[Exercise directions]
Give back the whole listing verbatim, printing none of its pictures.

[Stored data]
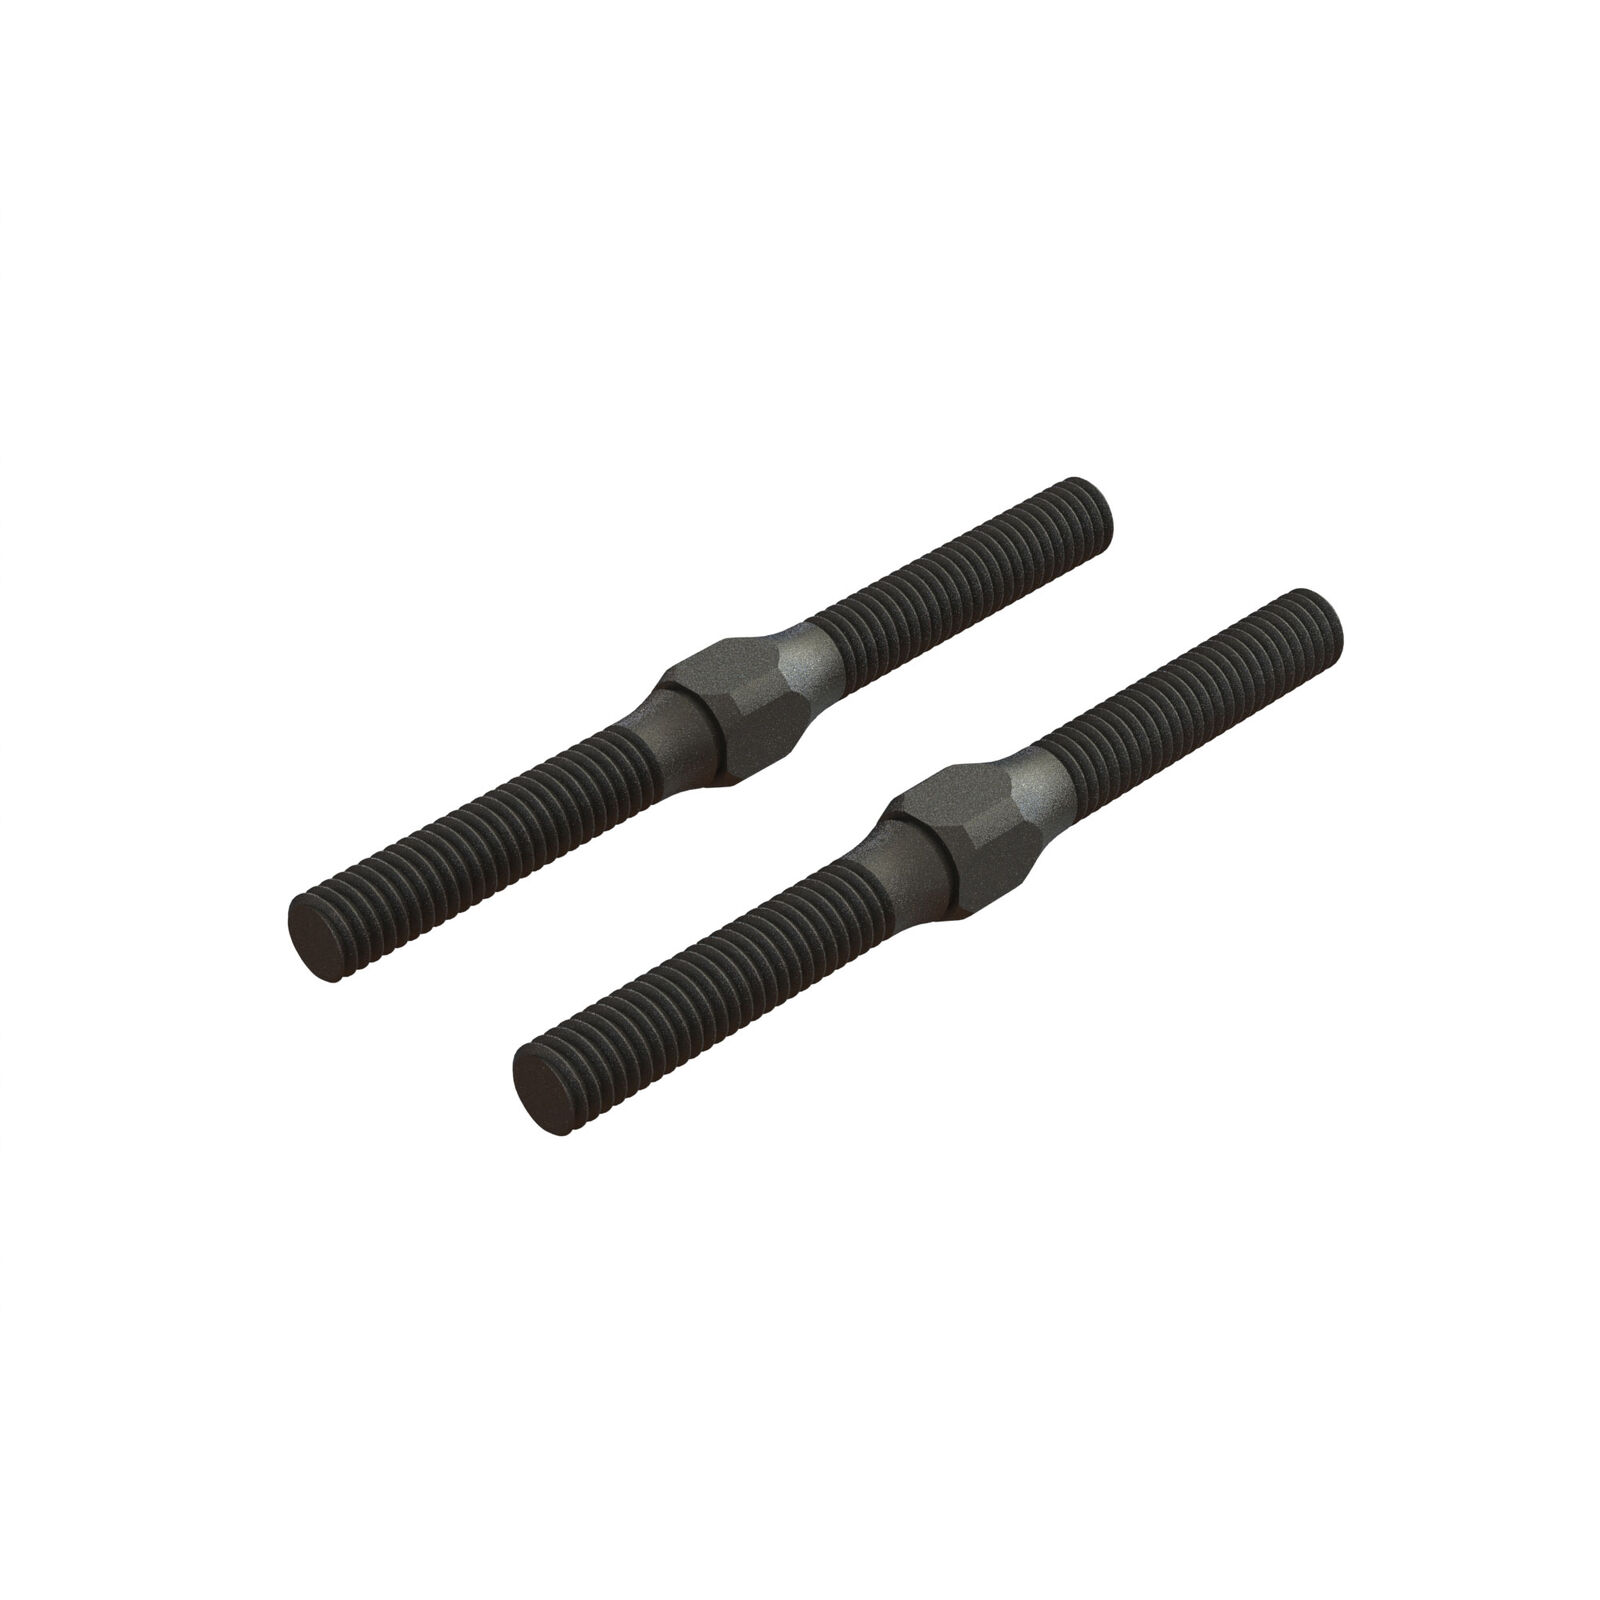 Steel Turnbuckle, M4 x 48mm, Black (2)
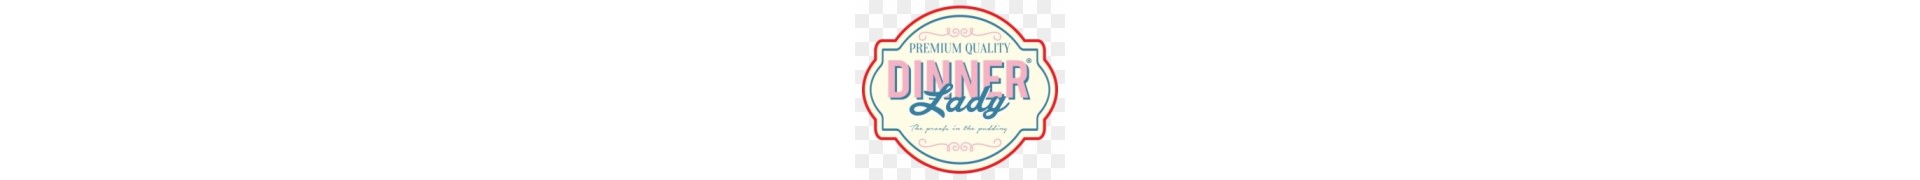 DINNER LADY SALTS
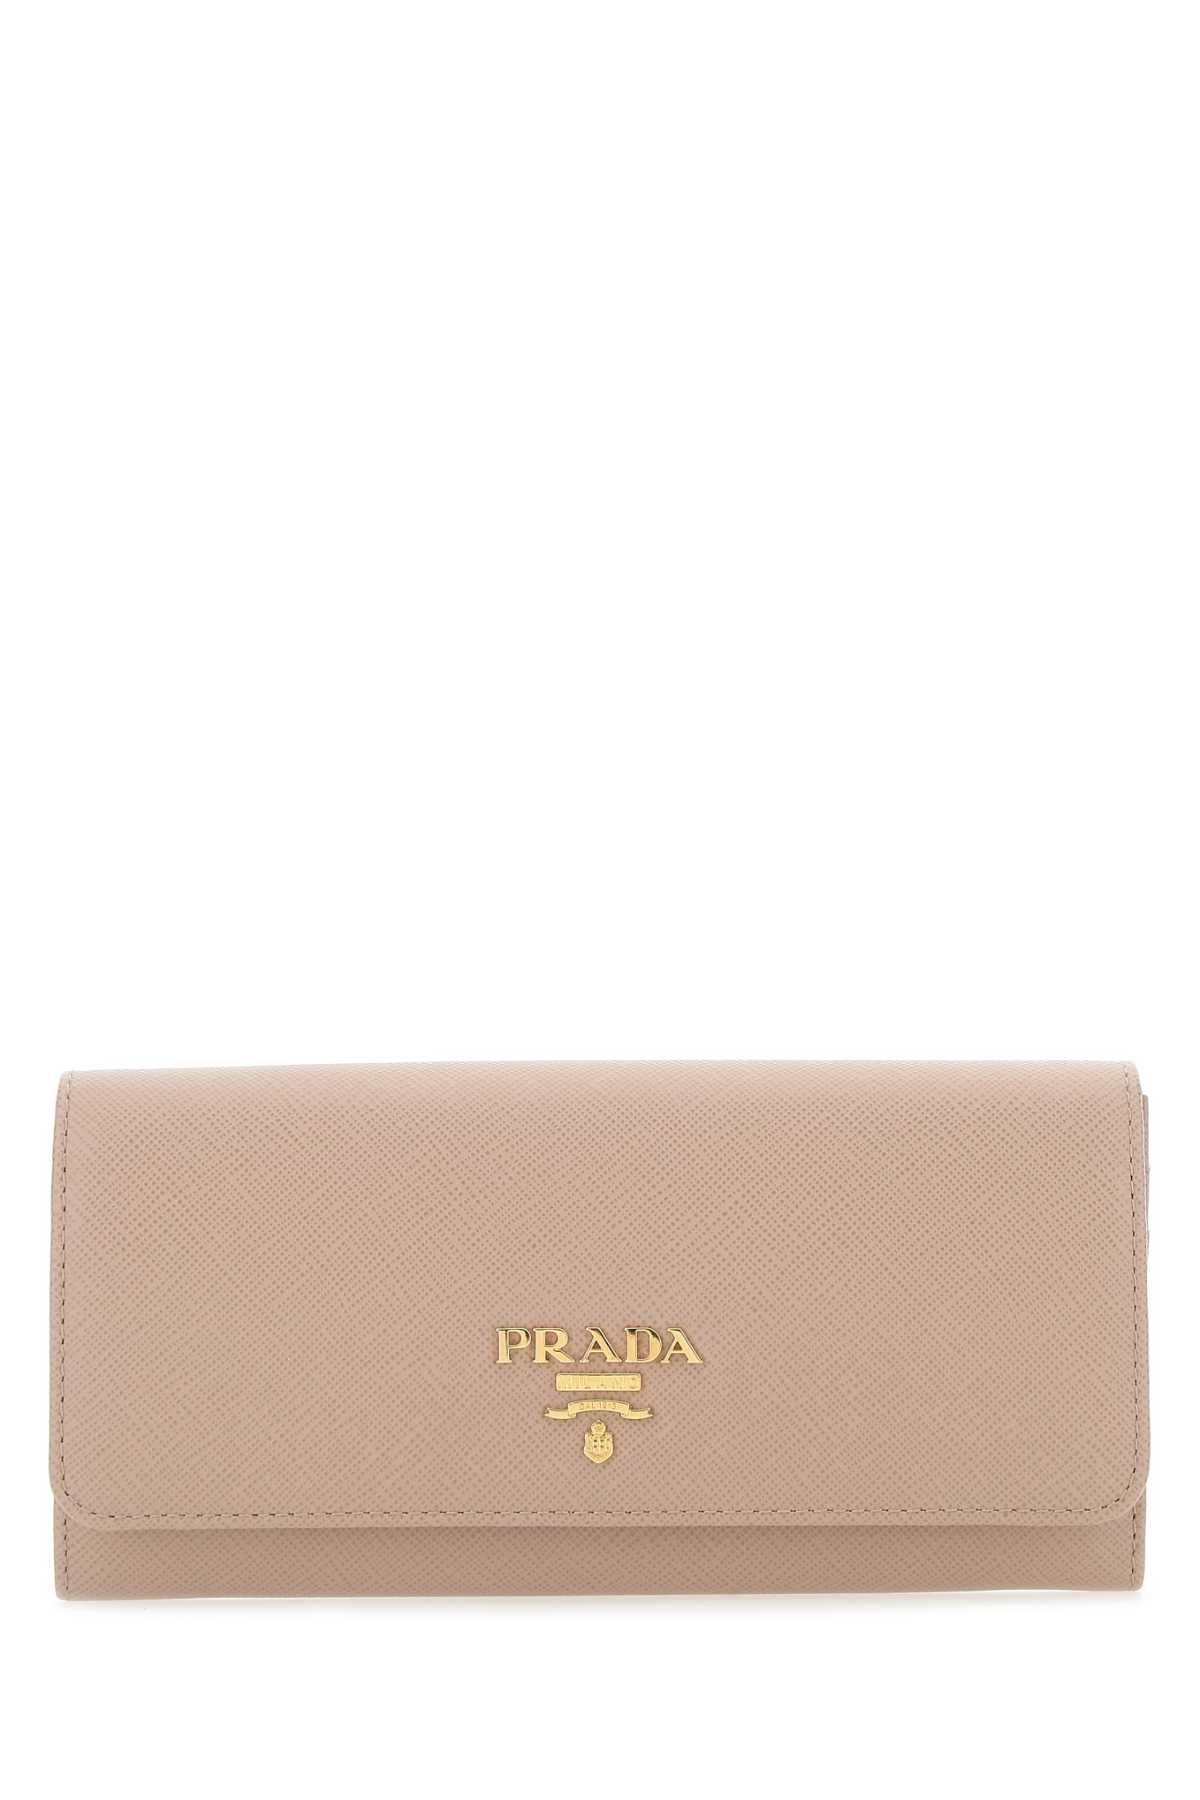 Shop Prada Powder Pink Leather Wallet In F0236

[Answer section]
 Steel Turnbuckle, M4 x 48mm, Black (2)
 DINNER LADY SALTS
 Shop Prada Powder Pink Leather Wallet In F0236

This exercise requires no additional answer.